◆ Collected material

Start of Block

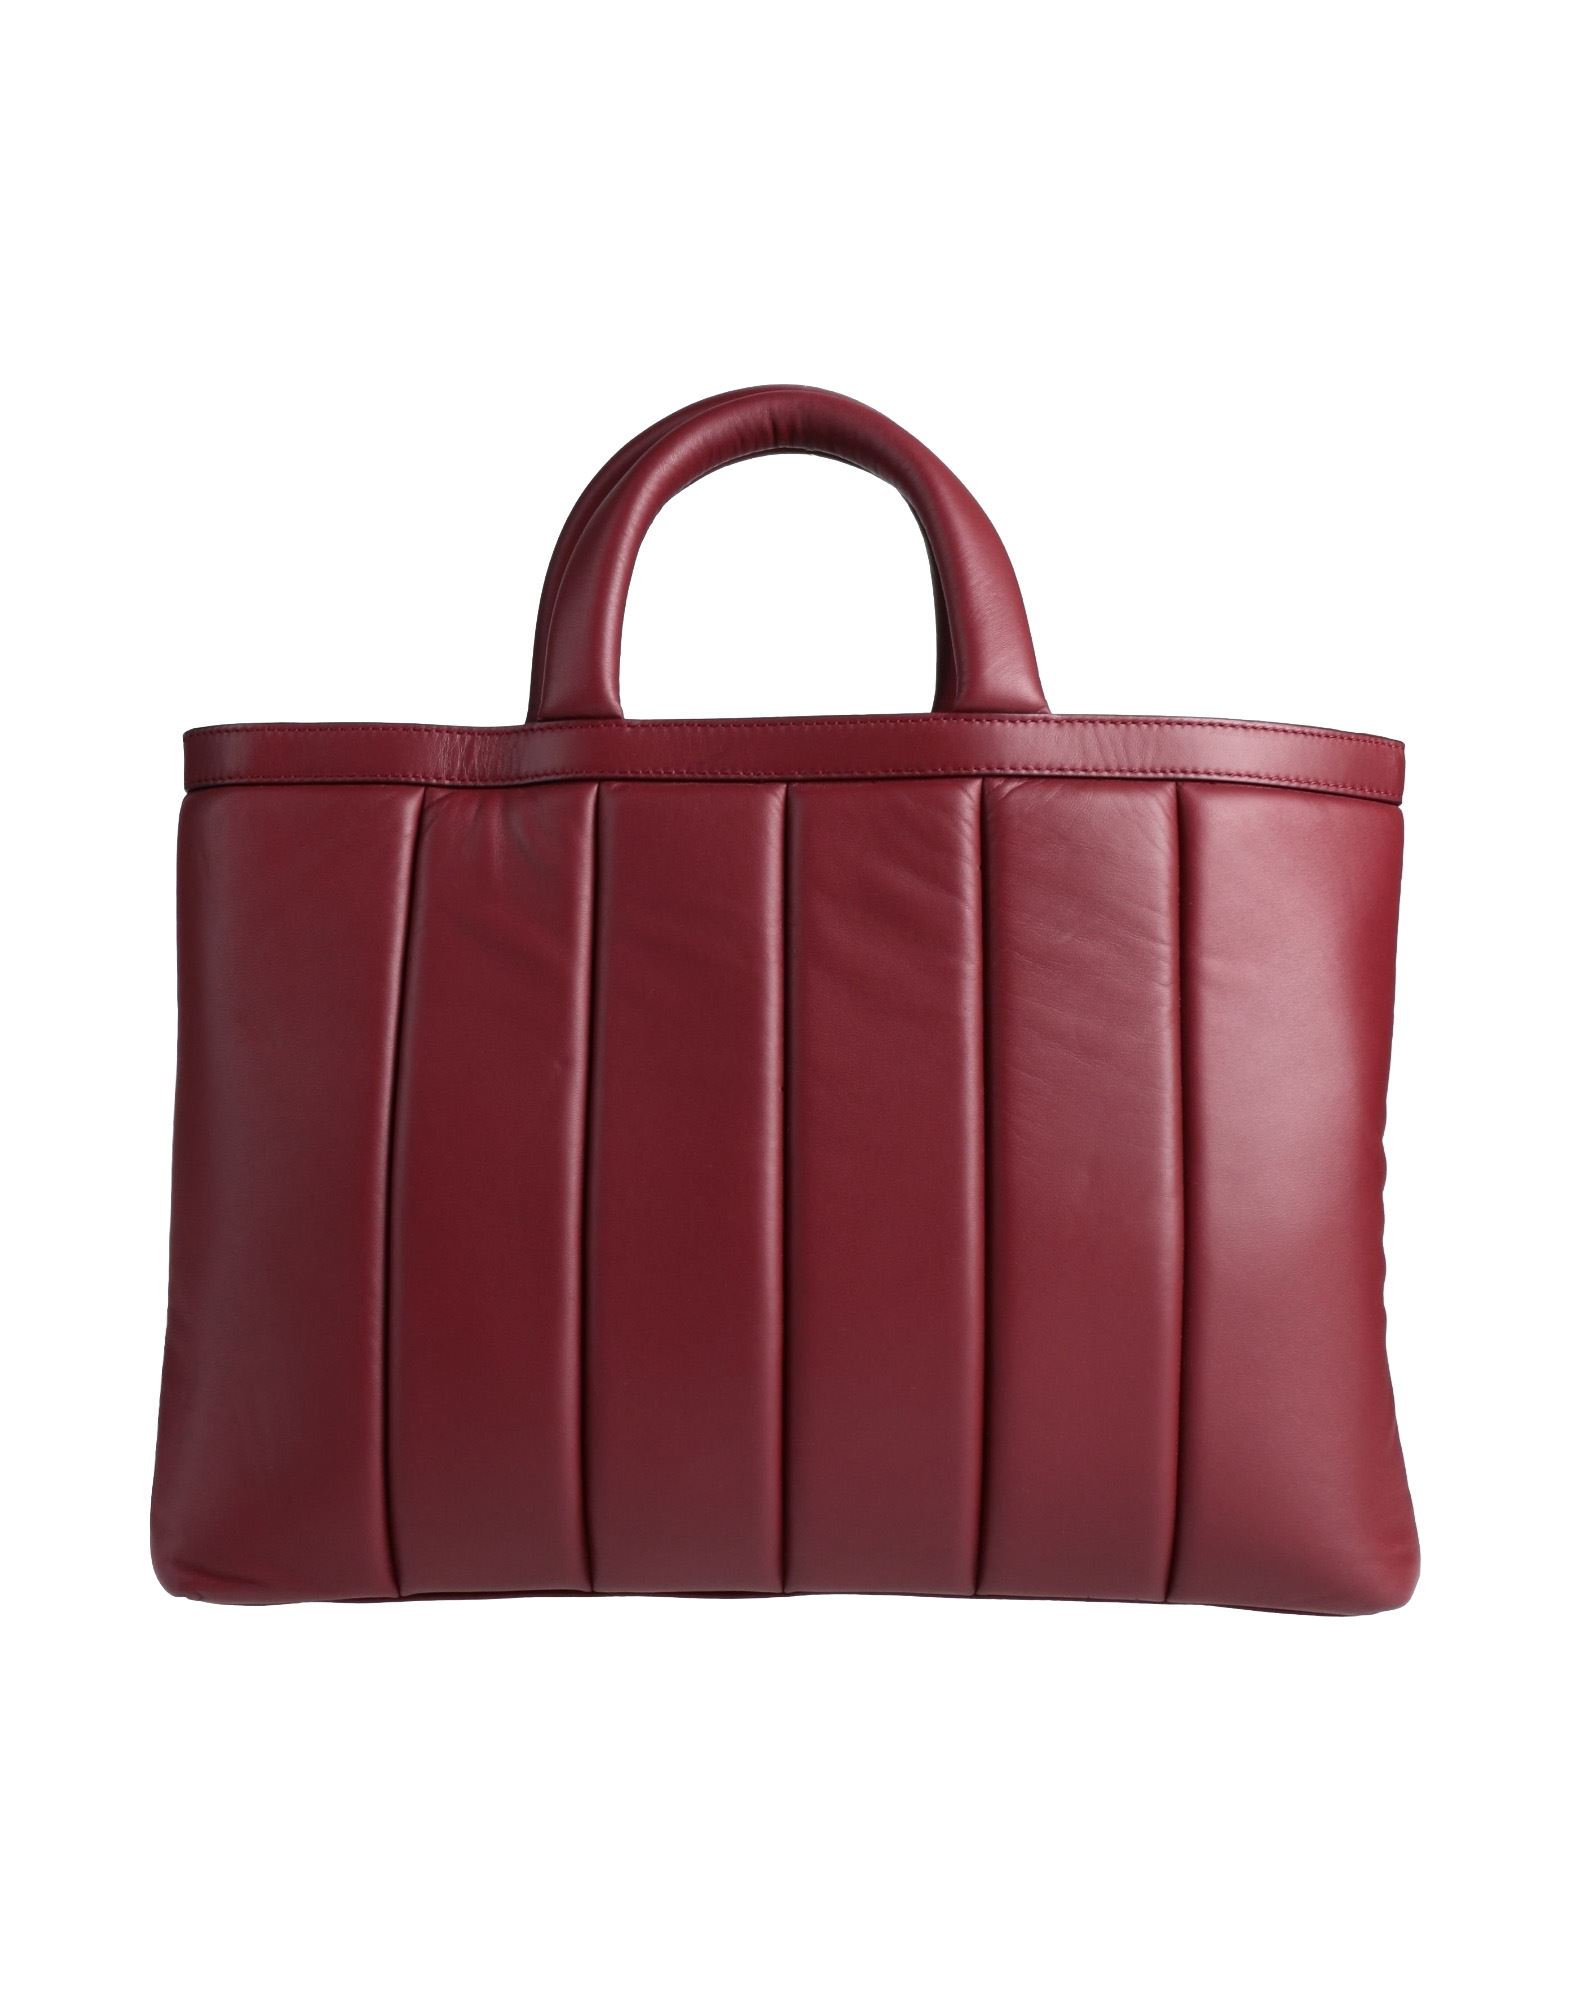 Dunhill Handbags In Red
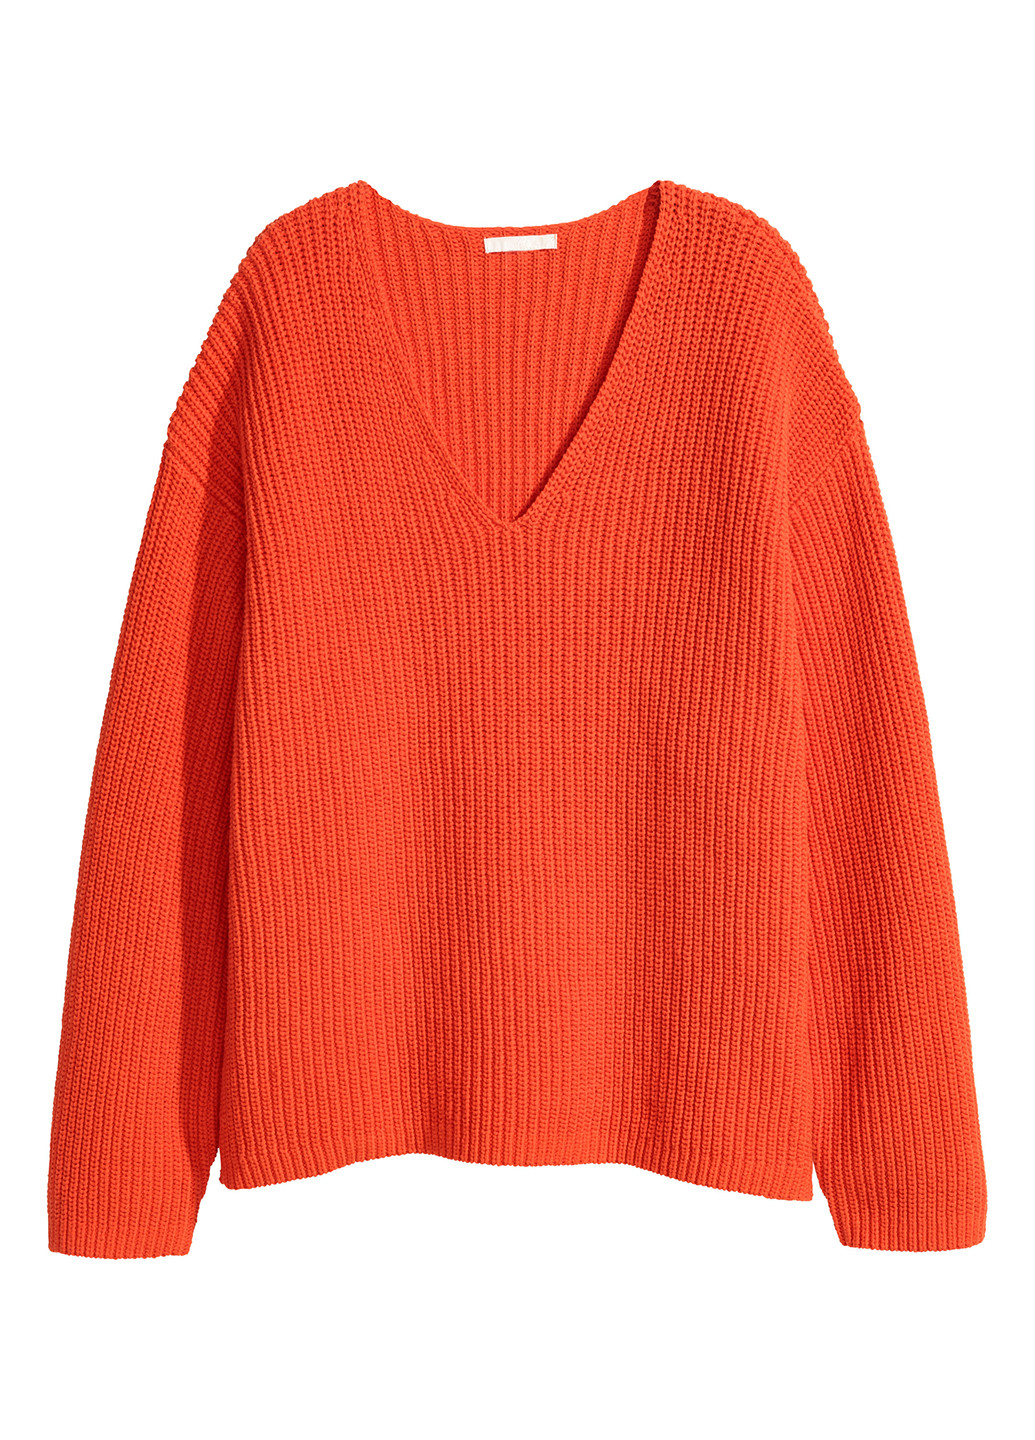 Оранжевый демисезонный пуловер пуловер H&M
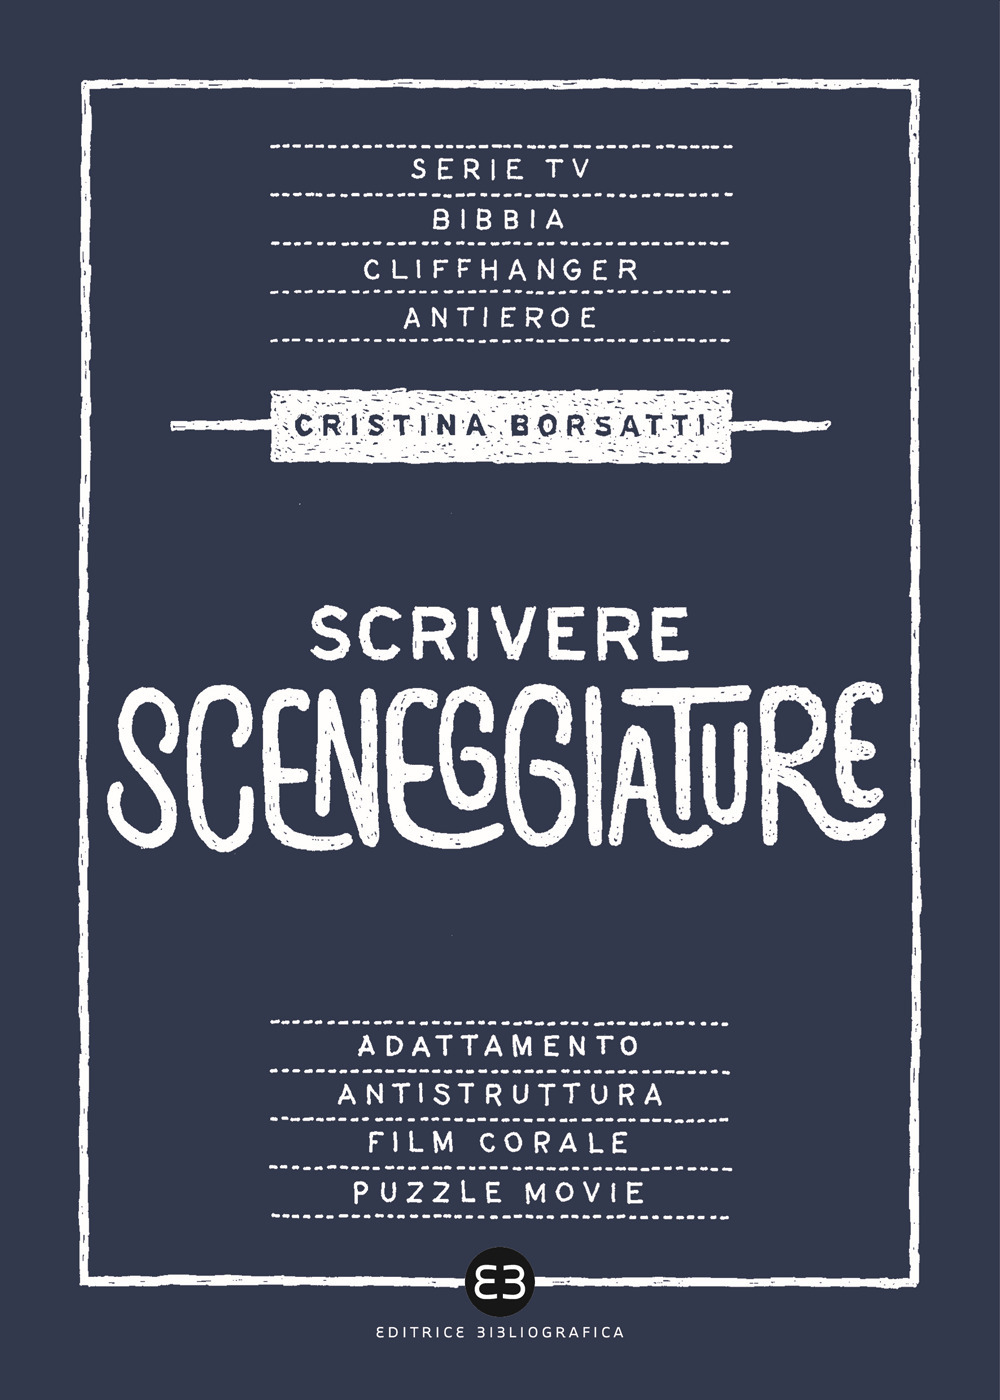 Libri Cristina Borsatti - Scrivere Sceneggiature. Dal Grande Al Piccolo Schermo NUOVO SIGILLATO, EDIZIONE DEL 26/11/2020 SUBITO DISPONIBILE

End of Block

◆ Work task
Repeat the data above in full and exactly. Omit every image.

◆ Problem solution
 Dunhill Handbags In Red
 Оранжевый демисезонный пуловер пуловер H&M
 Libri Cristina Borsatti - Scrivere Sceneggiature. Dal Grande Al Piccolo Schermo NUOVO SIGILLATO, EDIZIONE DEL 26/11/2020 SUBITO DISPONIBILE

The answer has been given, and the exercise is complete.